Authorities in western Japan fined former Sumo Yokozuna (Grand Champion) Harumafuji around AU$5,600 for assaulting a junior wrestler and fracturing his skull, an embarrassing incident that forced him to retire at the peak of his competing skill in November.  The Japan Sumo Association (JSA) also formally sacked its chief Takahohana, himself a former Yokozuna.  With this, the JSA hopes to put the scandal behind it before the two-week tournament that begins in Tokyo on 14 January.  The ancient sport was just climbing back to a level of respectability after a decades of scandals including gambling, match-fixing, assaults, and jailing of a coach who oversaw the beating death of a teenage wrestler.

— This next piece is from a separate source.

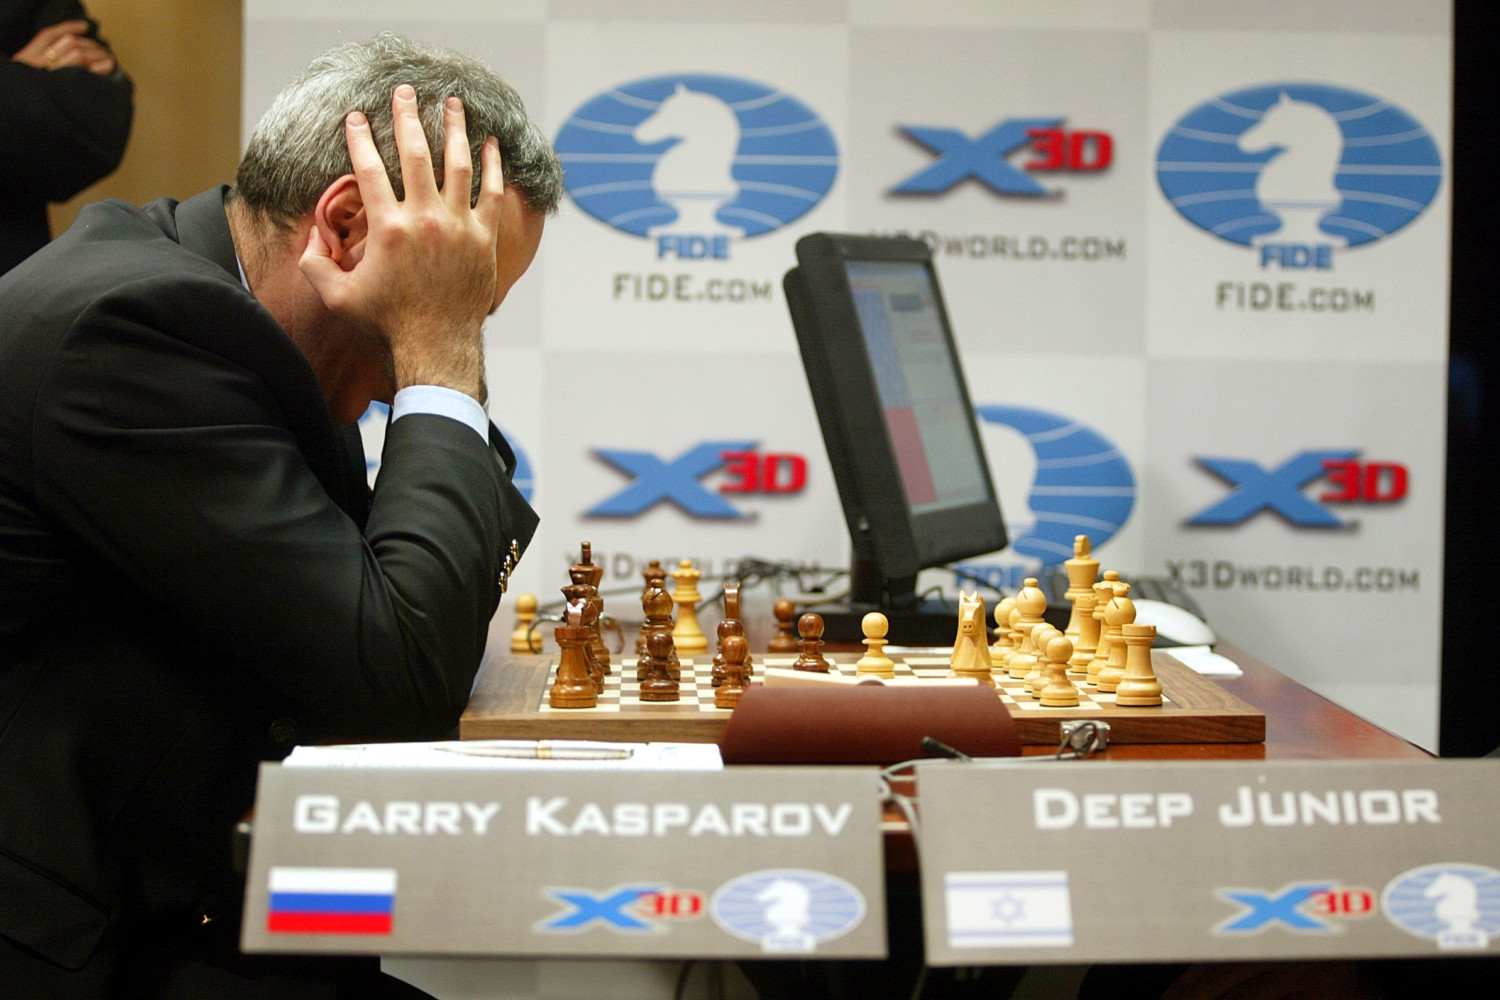 Kasparov Versus Deep Junior

Blackface is never okay.  Okay?  No.  Never do blackface.  A comedian in Japan is being accused of cultural insensitivity for painting himself black for a New Year's program comedy bit, and impersonating Eddie Murphy.  African-American writer Baye McNeil, who lives in Japan, had to issue a periodic reminder that black people were "not a punchline nor a prop".  Three years ago, he successfully campaigned to prevent stop the performance of two bands in blackface on national TV.

The son of tennis great Boris Becker is pressing racism charges against a lawmakers from the racist and xenophobic Alternative for Germany (AfD) party, who referred to the younger Becker as a "little half-negro" on Twitter.  Germany has strict hate speech laws, and the government says said it will enforce them a little more closely, with the rise of scumbag racists like the AfD and anti-immigrant groups.  The AfD lawmaker denied insulting Becker and blamed an assistant for the offensive statement.